What needs reproducing is the run of lines in the data below starting at the line with "Woven Mesh Slide Sandals, White, hi-res" and ending at the line with "Used-1984-GMC-Caballero-Audi", both ends included. Copy it exactly, without pictures, and add nothing.

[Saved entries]
────
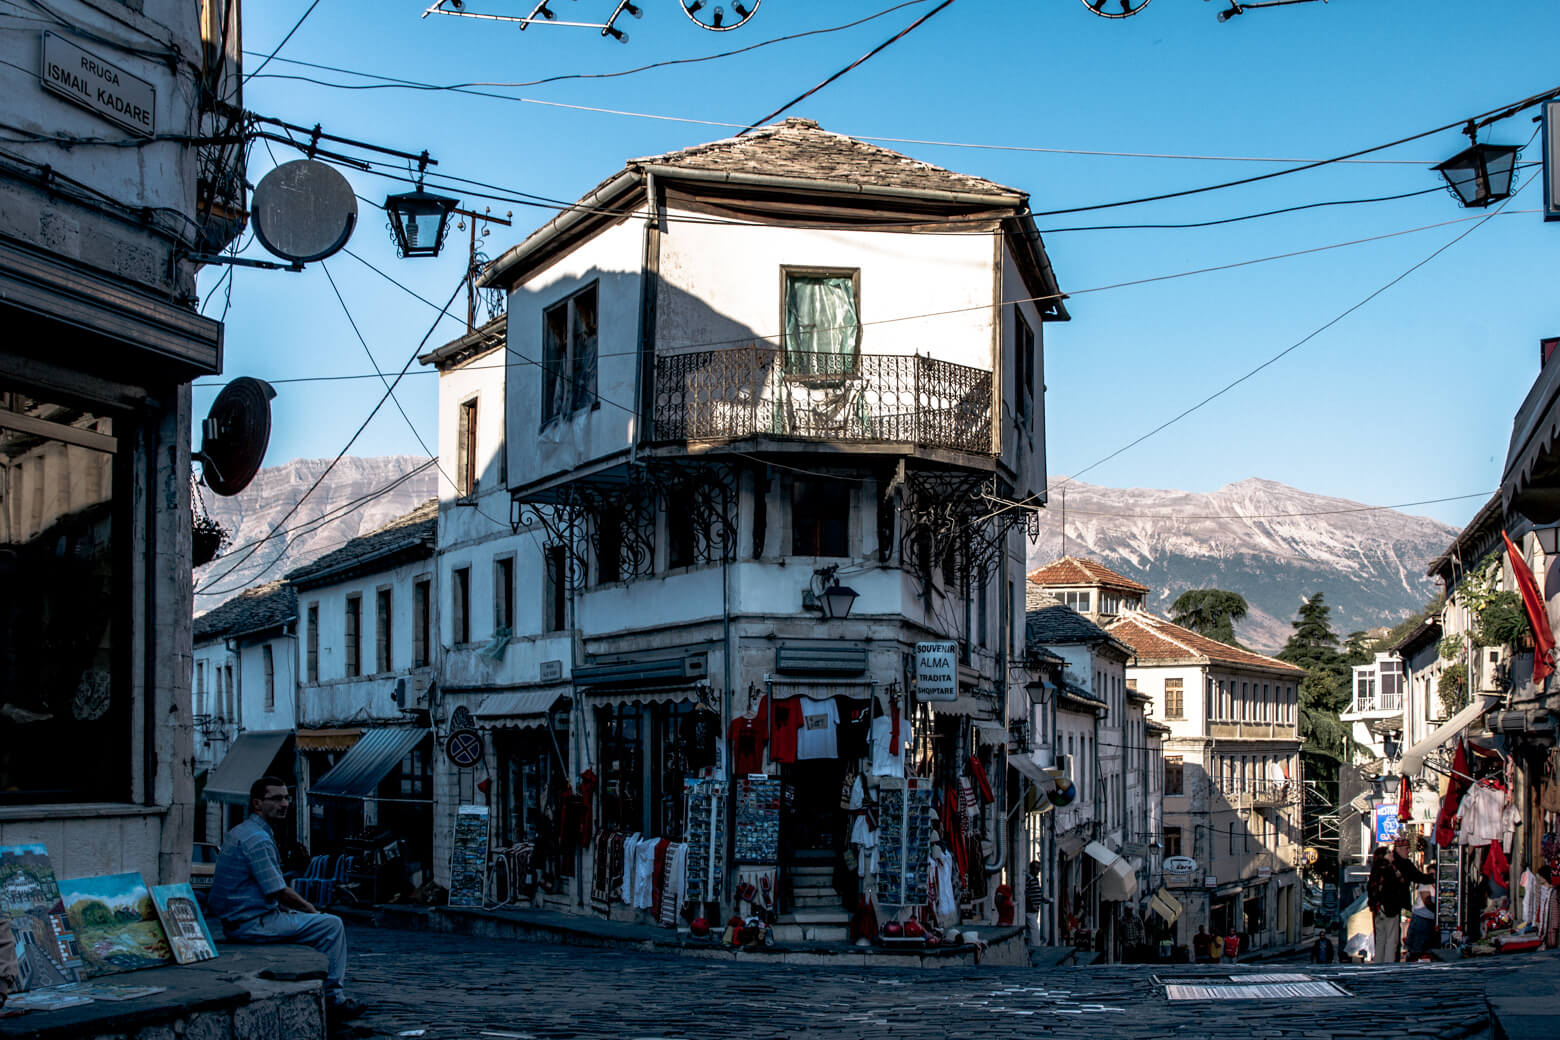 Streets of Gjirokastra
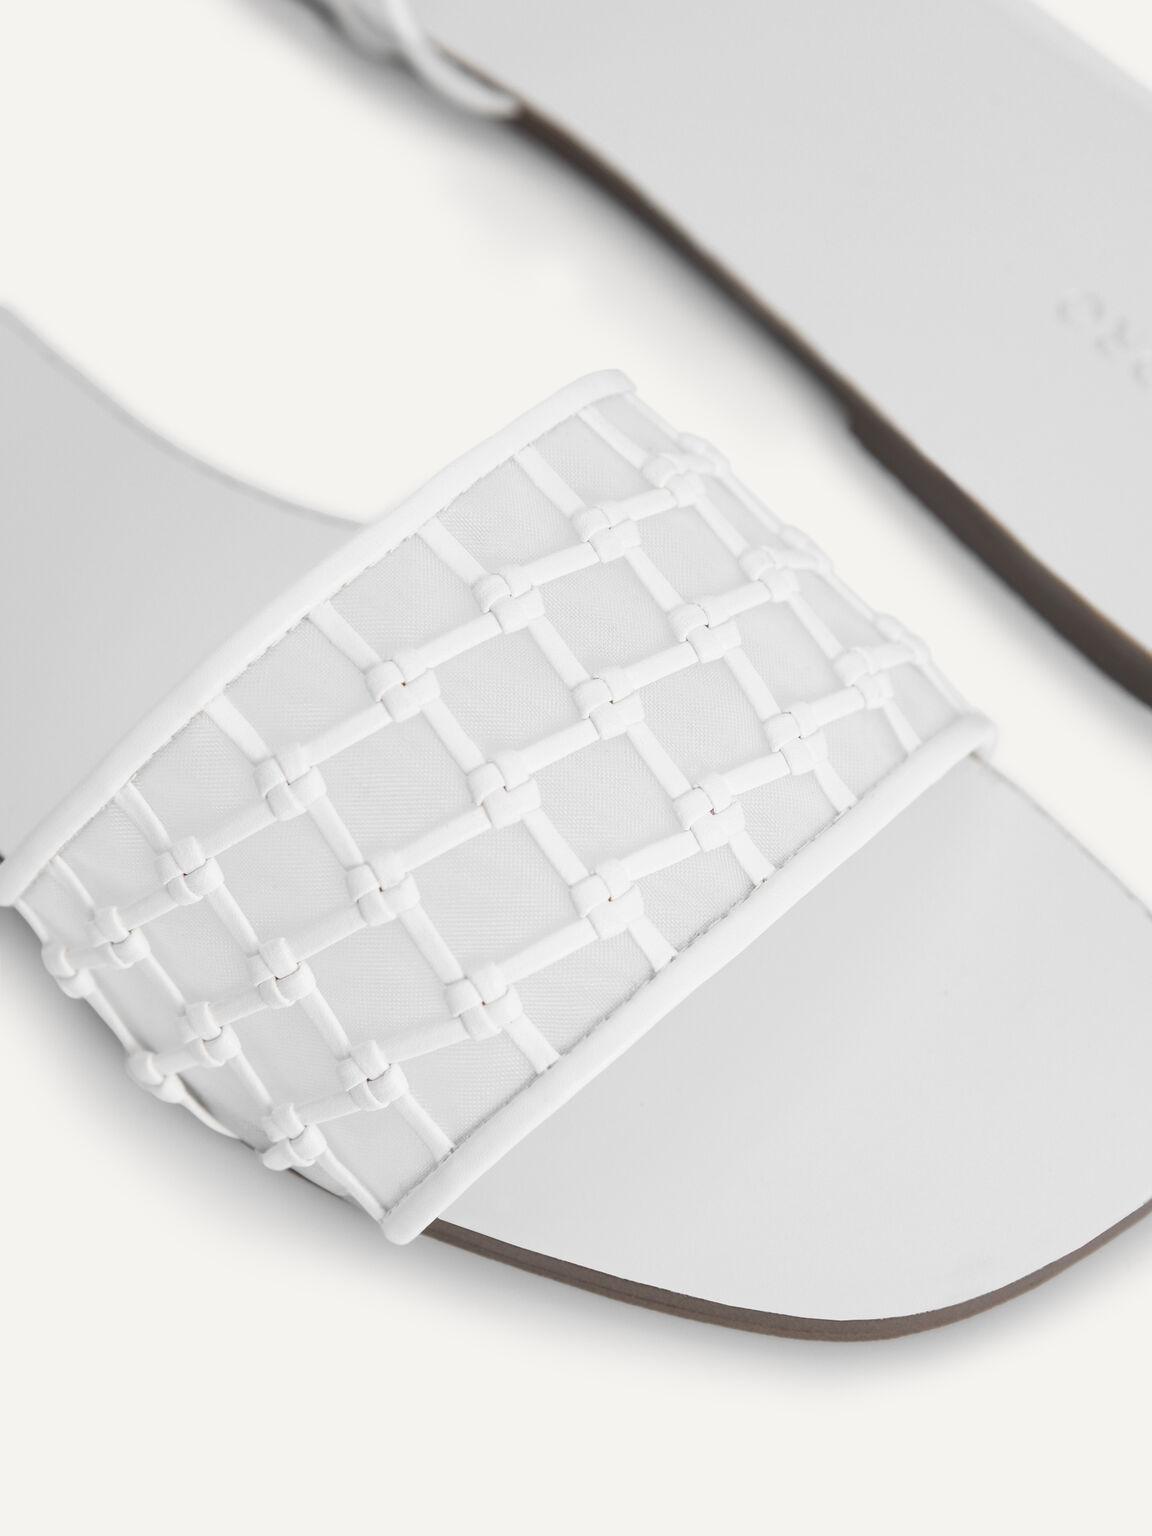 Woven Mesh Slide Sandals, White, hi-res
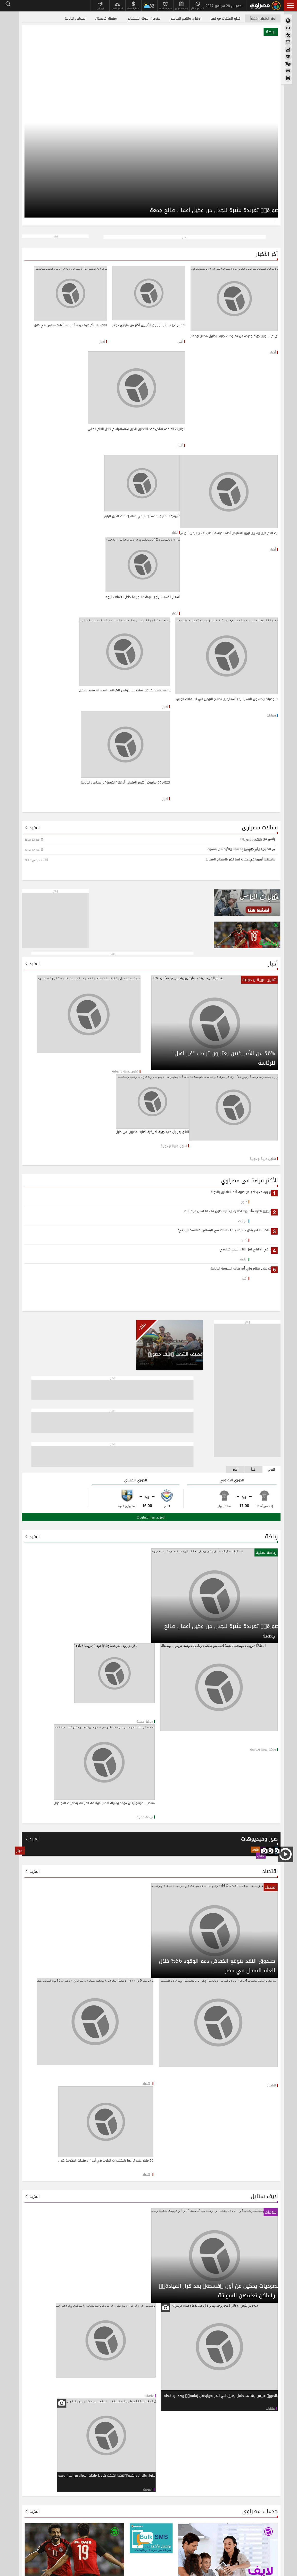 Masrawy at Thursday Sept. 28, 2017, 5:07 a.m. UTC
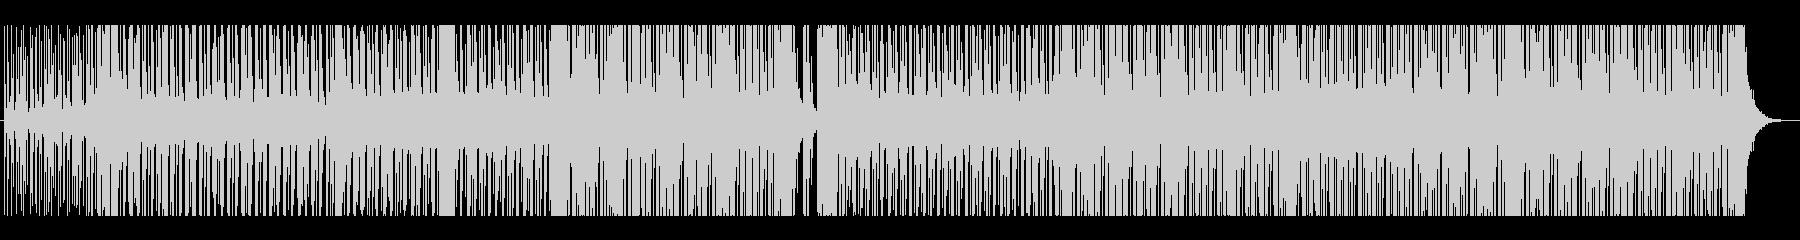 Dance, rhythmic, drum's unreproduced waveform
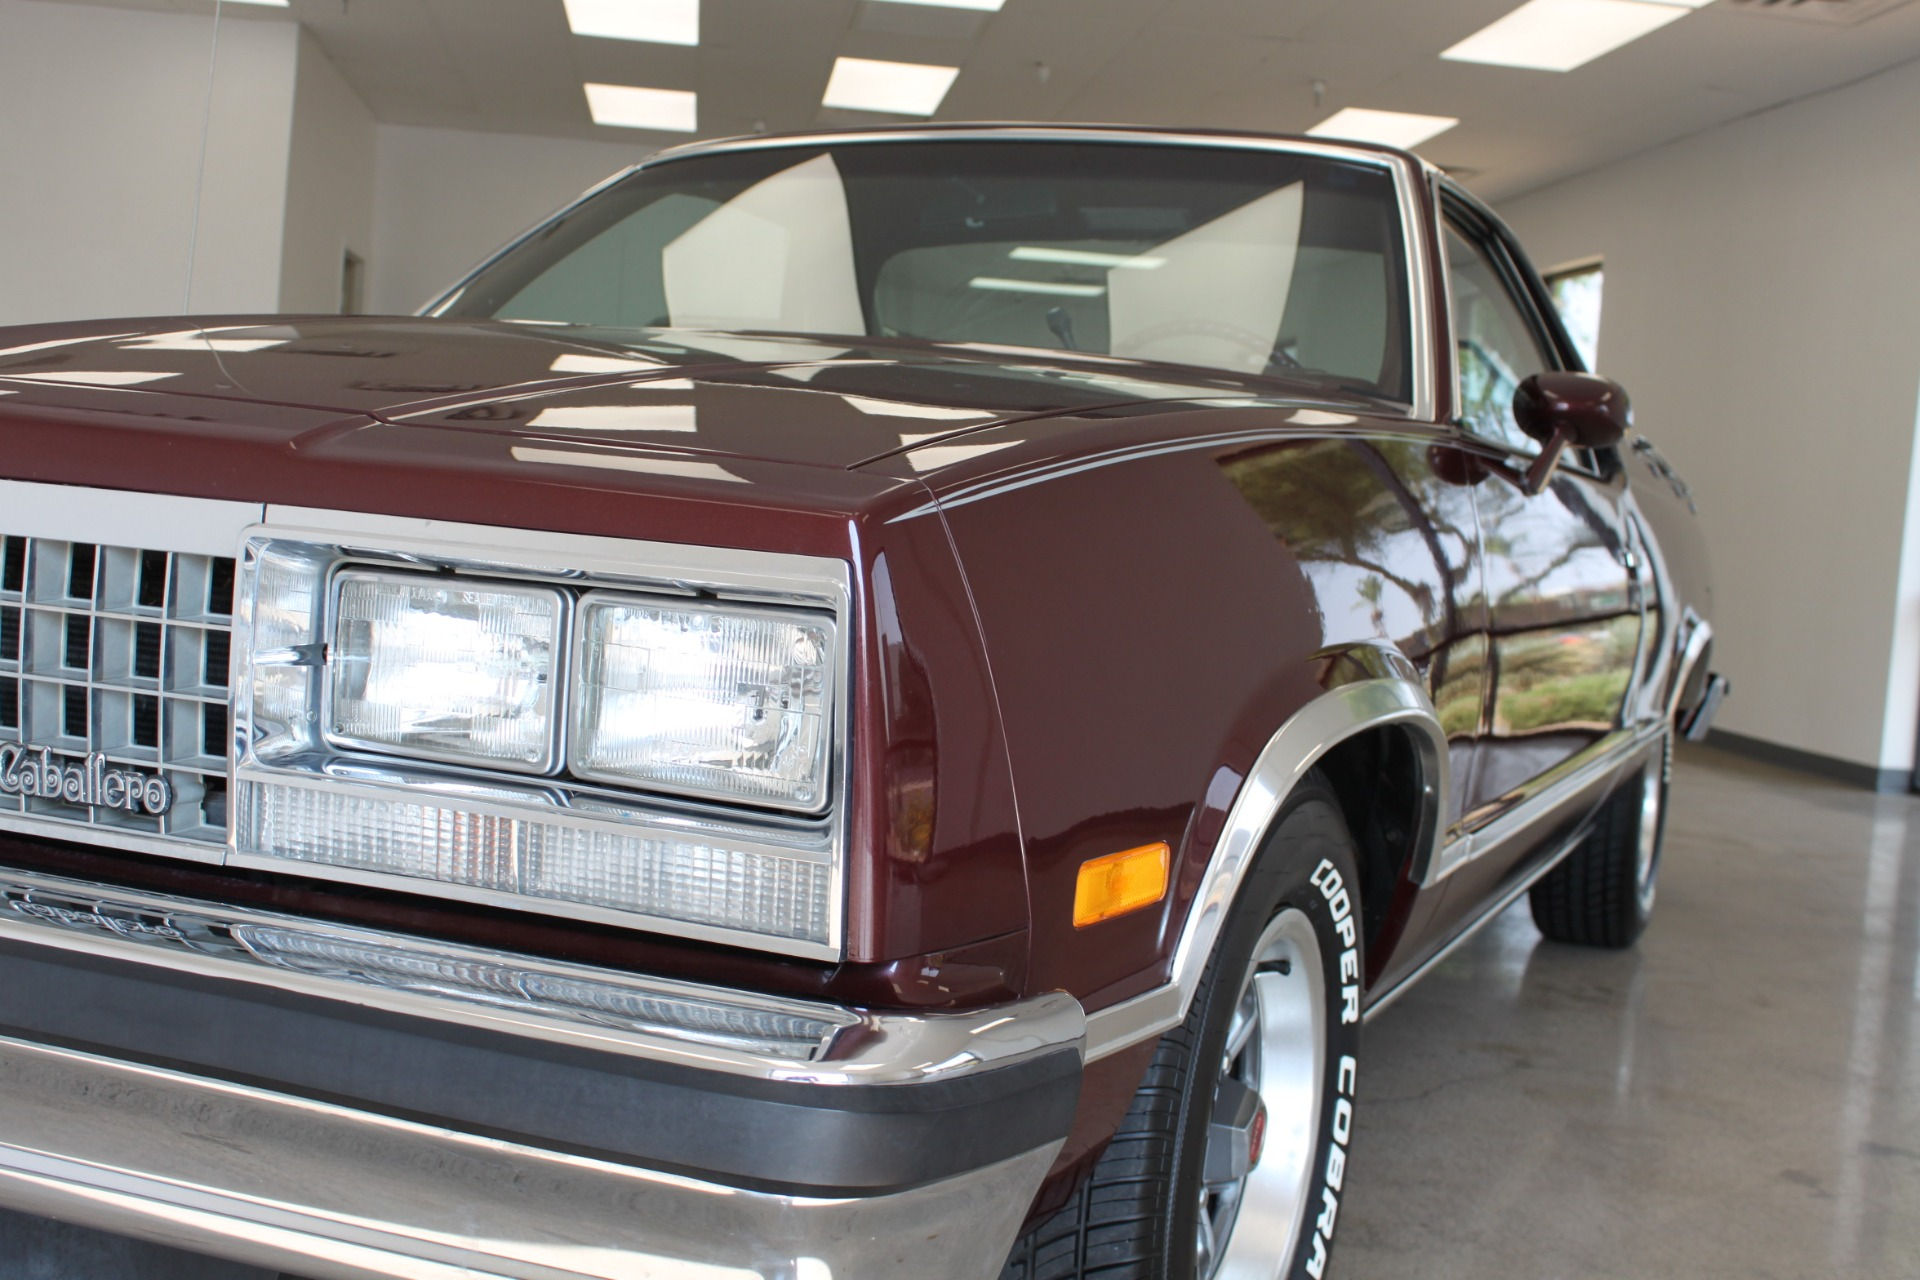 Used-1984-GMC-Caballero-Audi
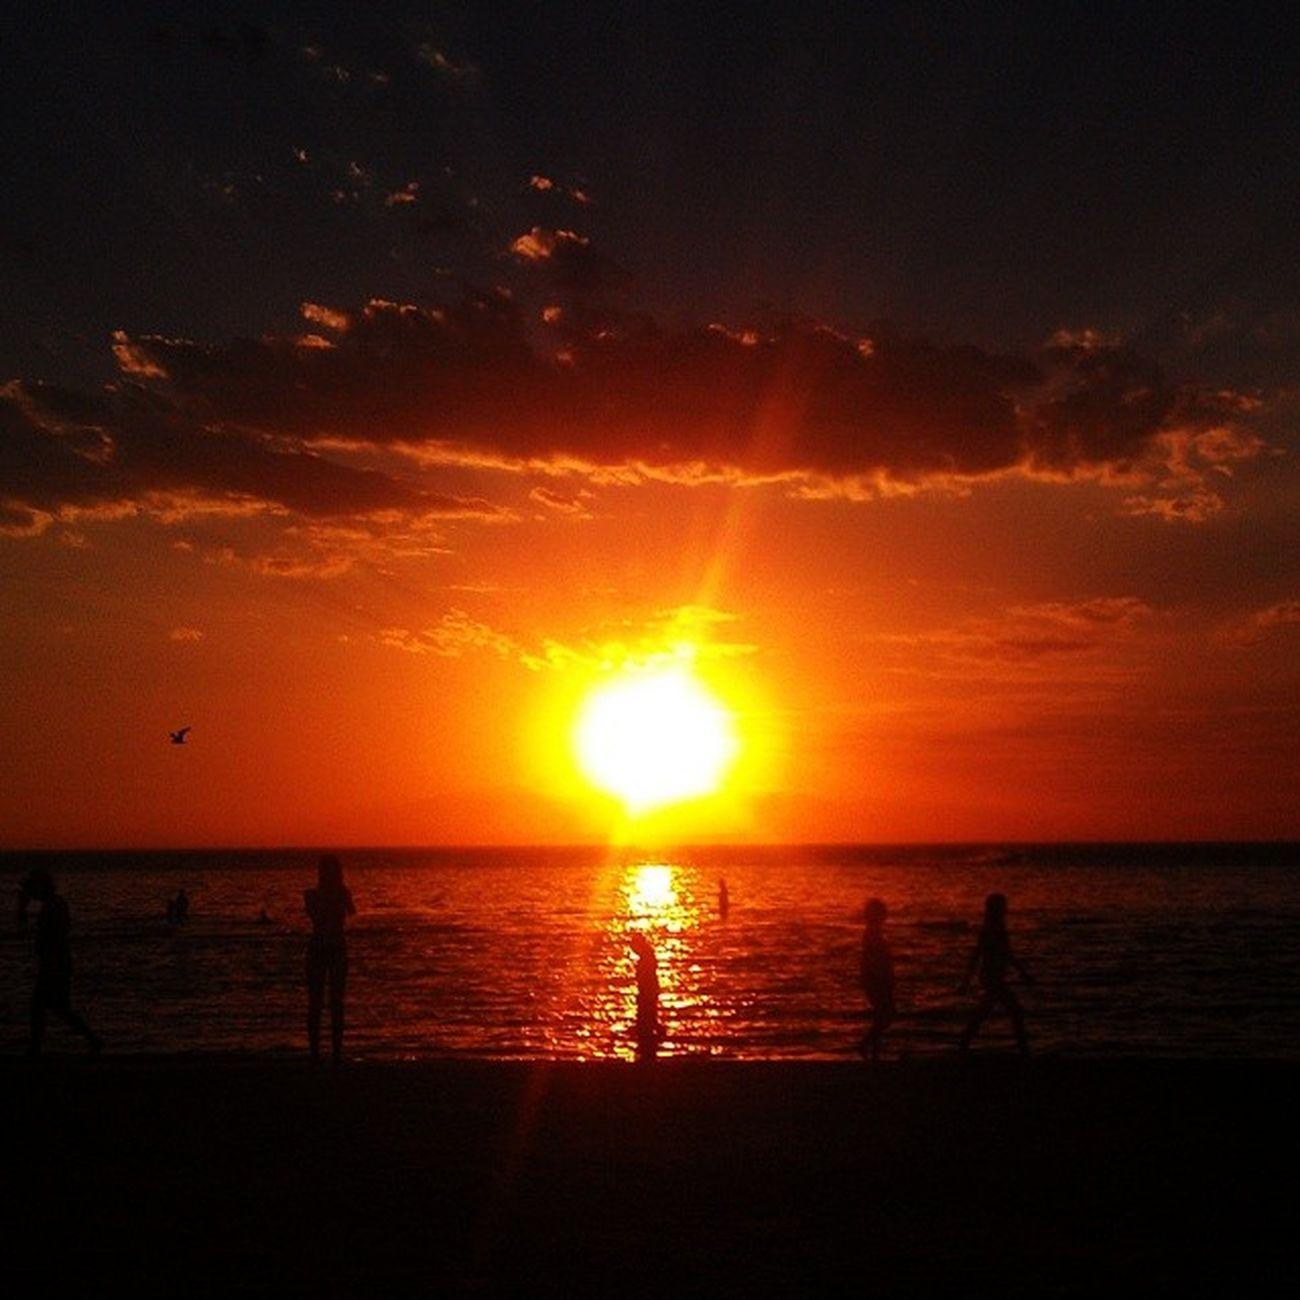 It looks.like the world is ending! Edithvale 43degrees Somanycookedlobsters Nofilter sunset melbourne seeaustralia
────
• Exercise output:
 Woven Mesh Slide Sandals, White, hi-res
 Masrawy at Thursday Sept. 28, 2017, 5:07 a.m. UTC
 Dance, rhythmic, drum's unreproduced waveform
 Used-1984-GMC-Caballero-Audi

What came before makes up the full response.